What is expected >> Exactly the lines from the opening of the data through the line containing "TrannySmuts Sex video" should be reproduced, please, with nothing added.

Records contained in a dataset
===

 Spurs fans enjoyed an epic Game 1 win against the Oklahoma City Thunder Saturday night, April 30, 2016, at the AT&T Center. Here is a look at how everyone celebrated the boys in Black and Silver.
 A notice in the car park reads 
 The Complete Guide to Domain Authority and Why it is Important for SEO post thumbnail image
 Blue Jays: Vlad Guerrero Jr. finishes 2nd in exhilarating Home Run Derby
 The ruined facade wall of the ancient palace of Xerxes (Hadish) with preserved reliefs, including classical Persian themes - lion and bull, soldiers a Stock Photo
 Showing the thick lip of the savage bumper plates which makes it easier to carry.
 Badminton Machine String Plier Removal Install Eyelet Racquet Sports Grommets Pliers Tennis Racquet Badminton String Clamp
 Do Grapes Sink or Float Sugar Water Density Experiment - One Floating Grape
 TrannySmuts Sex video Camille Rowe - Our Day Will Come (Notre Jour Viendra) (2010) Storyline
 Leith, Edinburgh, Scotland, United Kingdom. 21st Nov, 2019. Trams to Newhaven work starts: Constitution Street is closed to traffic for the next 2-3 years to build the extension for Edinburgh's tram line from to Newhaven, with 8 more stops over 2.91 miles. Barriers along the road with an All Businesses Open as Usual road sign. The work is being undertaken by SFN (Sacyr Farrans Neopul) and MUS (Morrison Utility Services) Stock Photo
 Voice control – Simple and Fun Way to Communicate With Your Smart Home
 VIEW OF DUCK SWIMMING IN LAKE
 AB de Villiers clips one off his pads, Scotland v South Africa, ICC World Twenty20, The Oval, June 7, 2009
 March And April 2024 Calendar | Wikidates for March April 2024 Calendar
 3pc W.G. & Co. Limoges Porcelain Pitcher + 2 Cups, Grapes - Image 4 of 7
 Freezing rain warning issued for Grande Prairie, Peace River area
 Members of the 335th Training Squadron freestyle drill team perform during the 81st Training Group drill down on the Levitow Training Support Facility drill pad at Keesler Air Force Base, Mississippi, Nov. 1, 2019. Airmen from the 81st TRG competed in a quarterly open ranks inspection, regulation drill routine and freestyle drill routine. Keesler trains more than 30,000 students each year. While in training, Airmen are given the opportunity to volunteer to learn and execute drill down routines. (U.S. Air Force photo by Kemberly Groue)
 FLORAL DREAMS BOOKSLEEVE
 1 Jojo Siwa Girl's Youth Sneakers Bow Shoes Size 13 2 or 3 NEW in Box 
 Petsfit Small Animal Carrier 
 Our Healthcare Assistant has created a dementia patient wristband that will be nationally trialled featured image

===

Exercise response >>
 Spurs fans enjoyed an epic Game 1 win against the Oklahoma City Thunder Saturday night, April 30, 2016, at the AT&T Center. Here is a look at how everyone celebrated the boys in Black and Silver.
 A notice in the car park reads 
 The Complete Guide to Domain Authority and Why it is Important for SEO post thumbnail image
 Blue Jays: Vlad Guerrero Jr. finishes 2nd in exhilarating Home Run Derby
 The ruined facade wall of the ancient palace of Xerxes (Hadish) with preserved reliefs, including classical Persian themes - lion and bull, soldiers a Stock Photo
 Showing the thick lip of the savage bumper plates which makes it easier to carry.
 Badminton Machine String Plier Removal Install Eyelet Racquet Sports Grommets Pliers Tennis Racquet Badminton String Clamp
 Do Grapes Sink or Float Sugar Water Density Experiment - One Floating Grape
 TrannySmuts Sex video Camille Rowe - Our Day Will Come (Notre Jour Viendra) (2010) Storyline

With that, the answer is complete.